This is image of CentOS7 with systemd installed, which can be ran in unprivileged mode, or even in privileged mode (but use it with caution: in privileged mode systemd can affect host system, use --cap-add=SYS_ADMIN instead).
It contains initialization script /usr/sbin/init.sh, which must be ran as container initialization script (pid 1), either directly using CMD ["/usr/sbin/init.sh"], or from a wrapper script via exec.
As alternative, rpm package can be used to modify an existing container, see spec/ directory for details.

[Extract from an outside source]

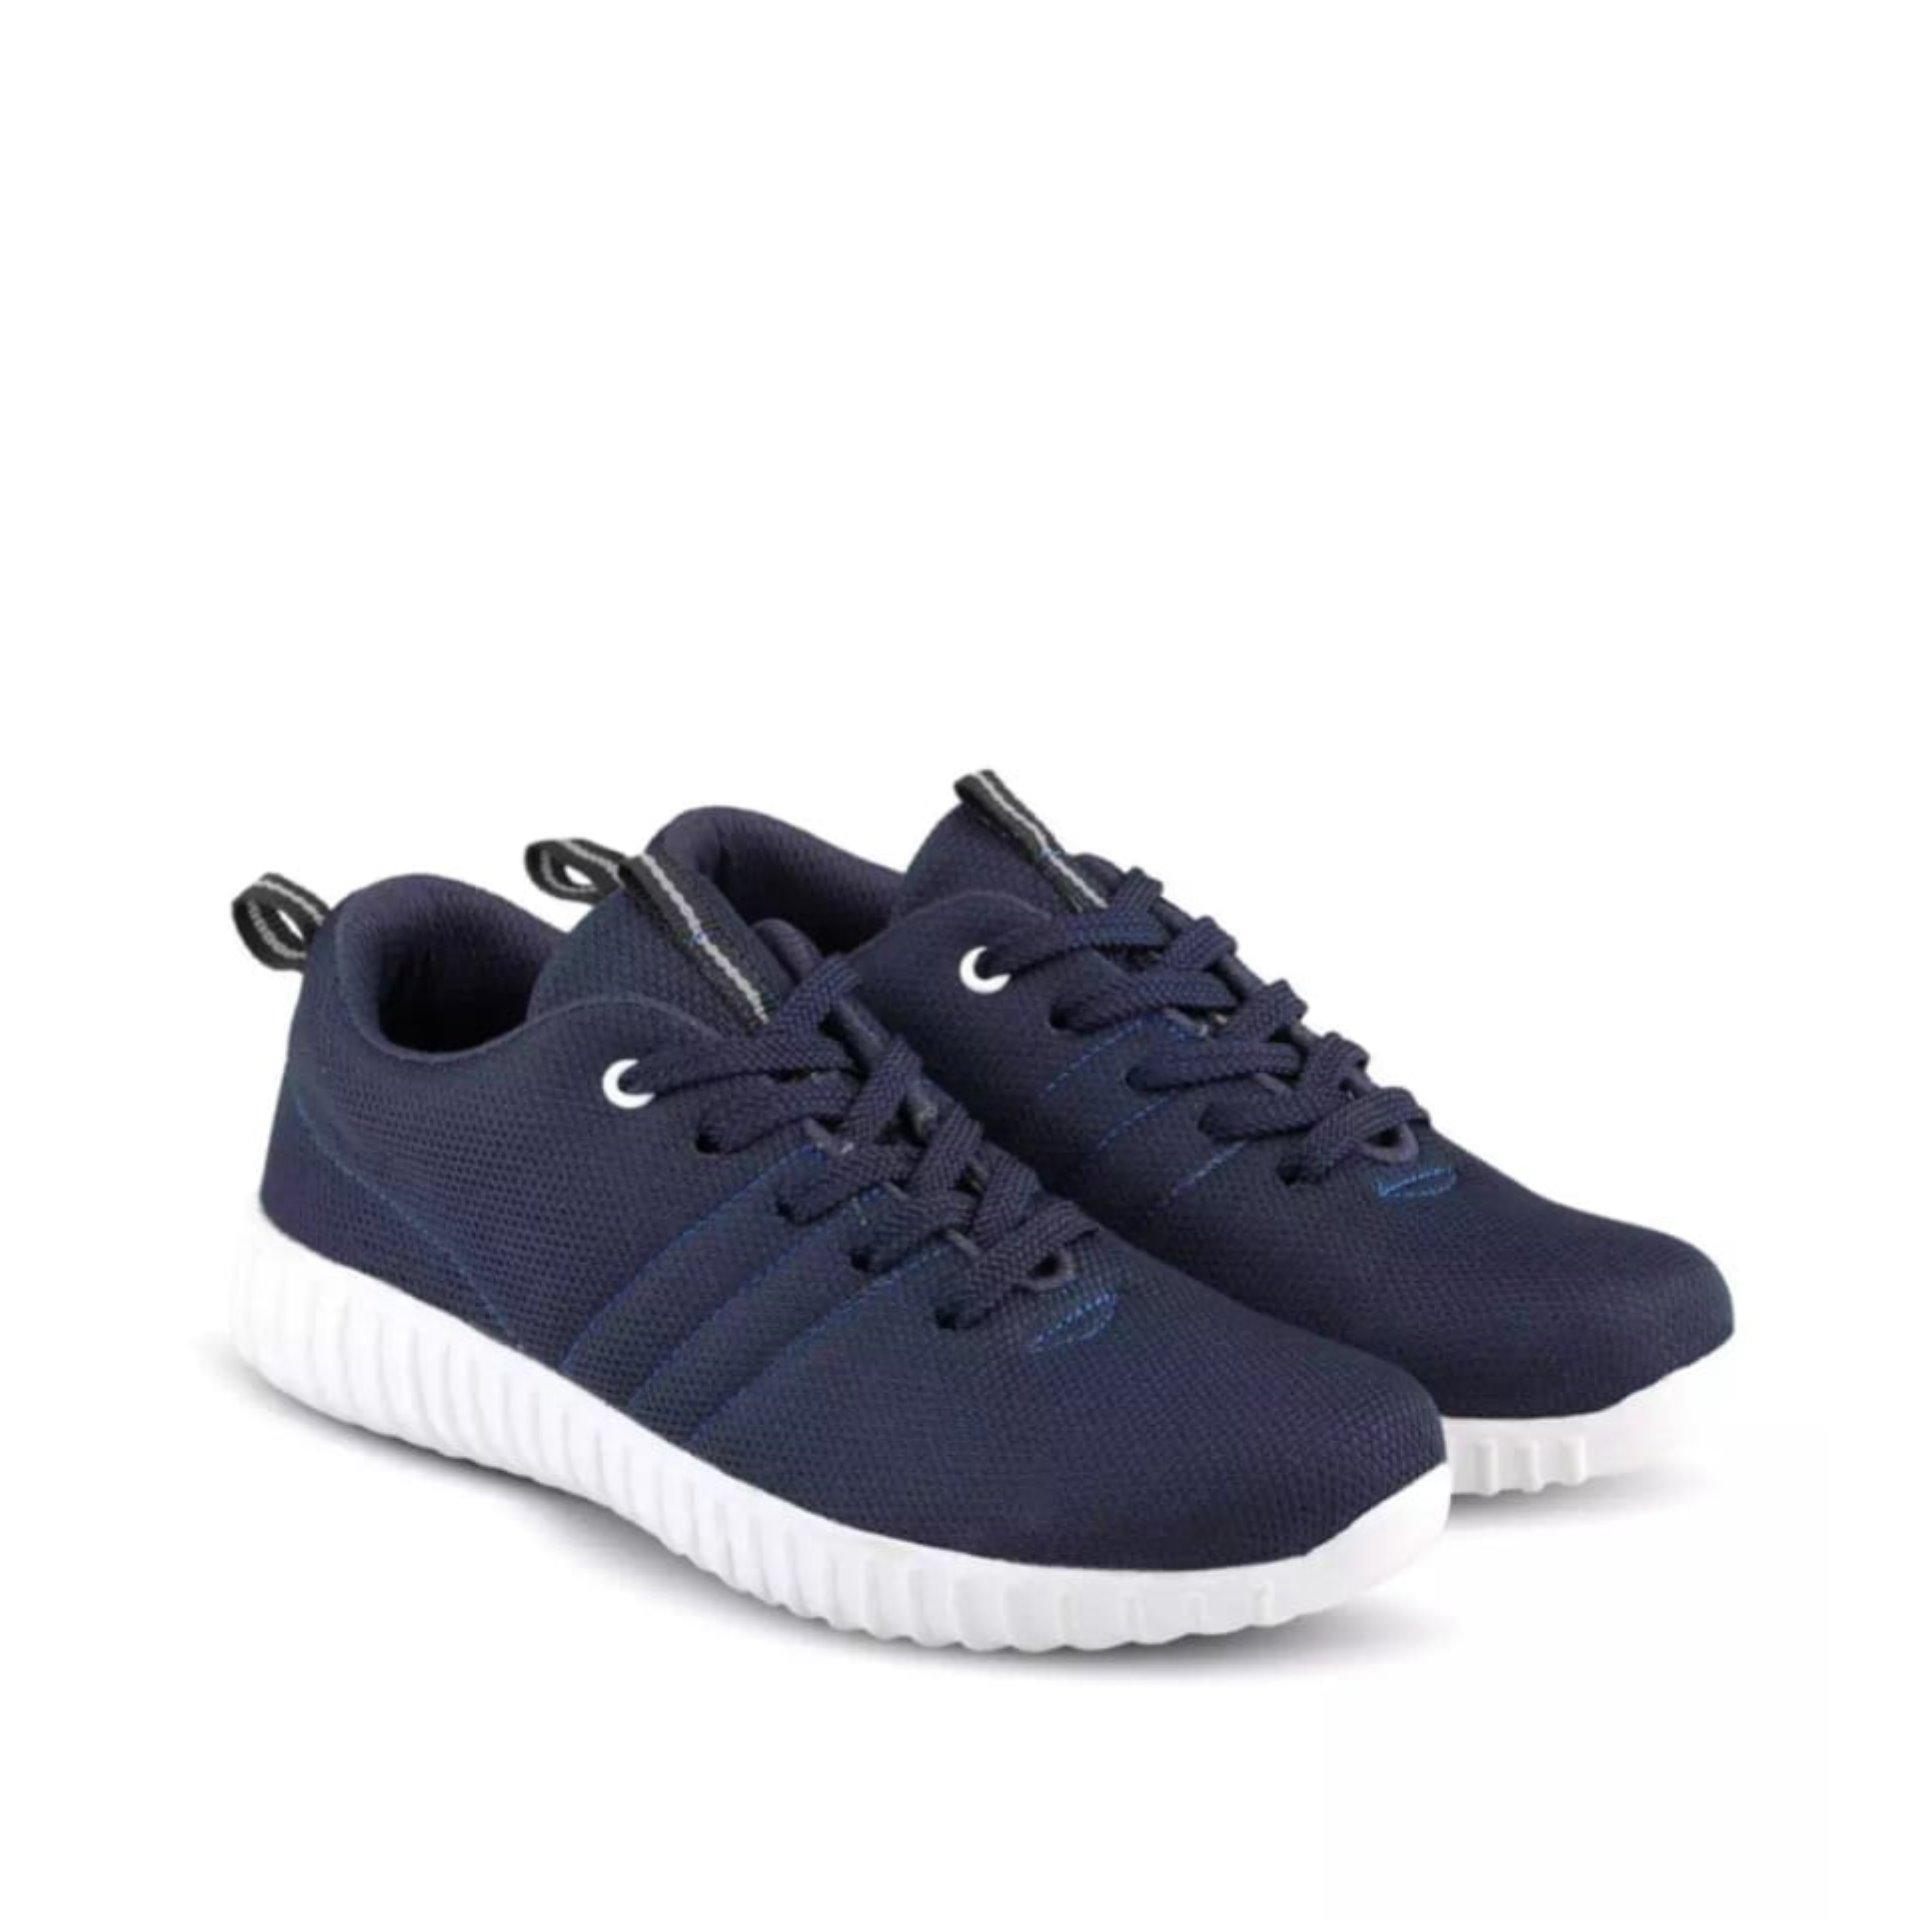 Adinova Shoes Sepatu Sport Adinio Sepatu Olahraga Sepatu Gaya Adinio Sepatu Santai Sepatu Pria L10 NEW Series

Dockerfile must contain same instructions, except that "copy files/ /" will be replaced by "yum install docker-centos7-systemd-unpriv".
RPM package is designed in such way that it cannot harm a hw/vm based system, because installed files will be ran when /usr/sbin/init.sh will be executed only, so it safe to add package as dependency to a metapackage without checking is hw/vm or container is targetted by installation.
Add this text to your Dockerfile to use rpm instead of depending on vlisivka/docker-centos7-systemd-unpriv container.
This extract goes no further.